La capacità di mutare
Mutazioni analoghe si sono viste in altre varianti, isolate per esempio in India, e tutte portano allo stesso risultato: maggiore facilità per la furina di tagliare la spike, e avvio più spedito dell’ingresso nella cellula ospite, a riprova del fatto che si tratta di un cambiamento che, dal punto di vista evoluzionistico, conviene al virus.
Lo stesso si può dire per un’altra mutazione della delta, alla fine del gene della spike, in un punto già ribattezzato supersito, perché cambiamenti in questa posizione vanificano l’efficacia degli anticorpi rendendo la spike irriconoscibile per questi ultimi: ciò spiegherebbe l’effetto sui vaccini. Come se non bastasse, le delta presentano anche mutazioni diverse da quelle della spike, nell’involucro (nucleocapside), che le altre varianti non recavano in modo così evidente, e la cui importanza resta ancora da capire.

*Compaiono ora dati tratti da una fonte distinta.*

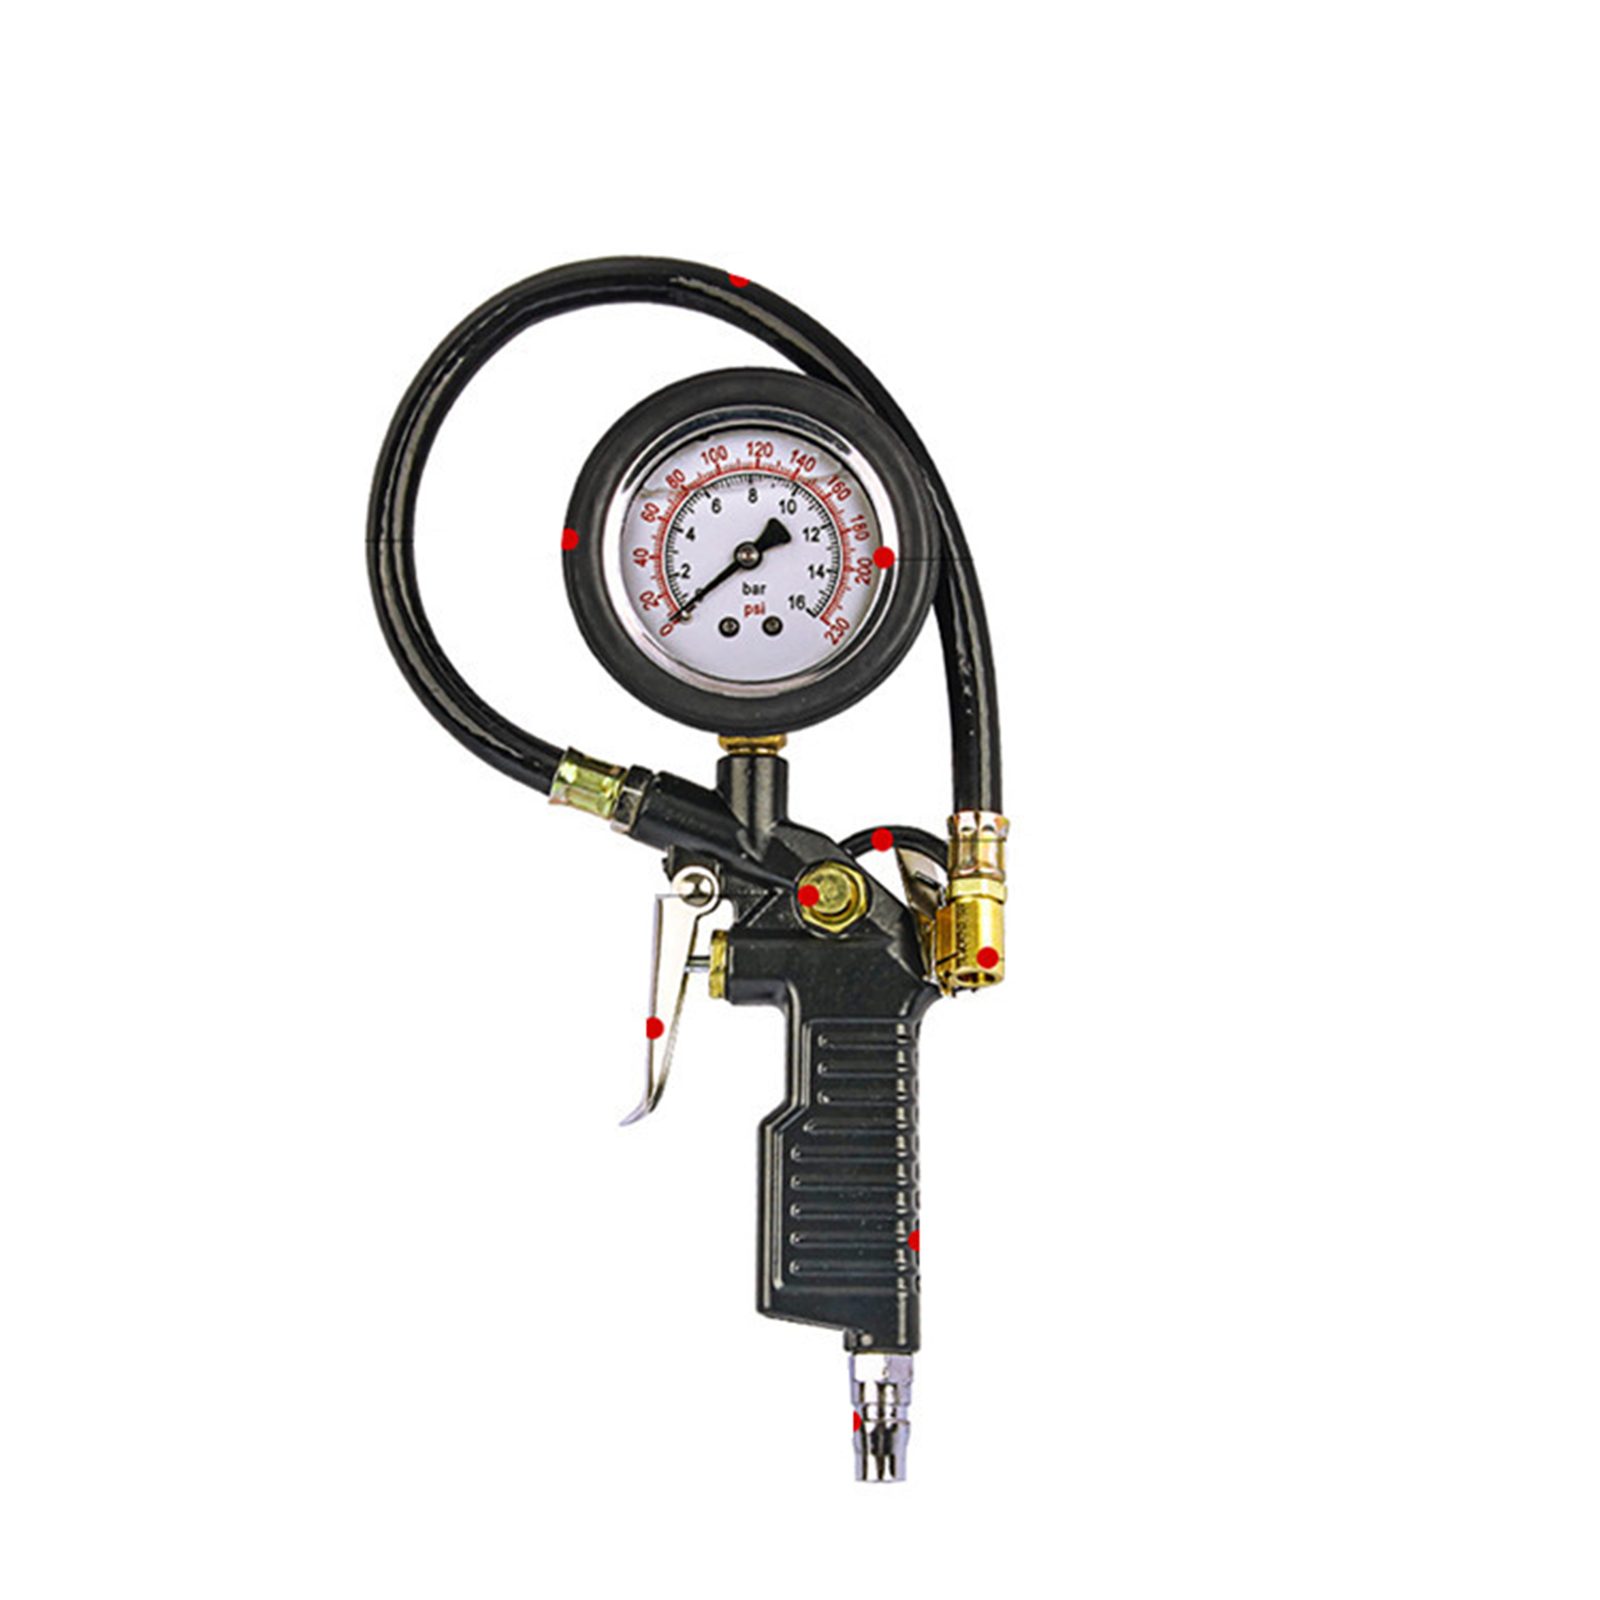 Tire Air Pressure Gauge Inflator Deflator With Rubber Hose 220bar Air Pump Compressor For RV Car Motorcycle Bike

Anche se in Italia nei giorni scorsi ci sono stati inviti a non preoccuparsi della variante delta, la comunità scientifica internazionale sembra pensarla diversamente: tra le raccomandazioni dell’ECDC c’è anche quella di mantenere attive le misure preventive come i distanziamenti e le mascherine, almeno fino a quando non saranno stati vaccinati con ciclo completo tutti i soggetti fragili e le categorie a rischio.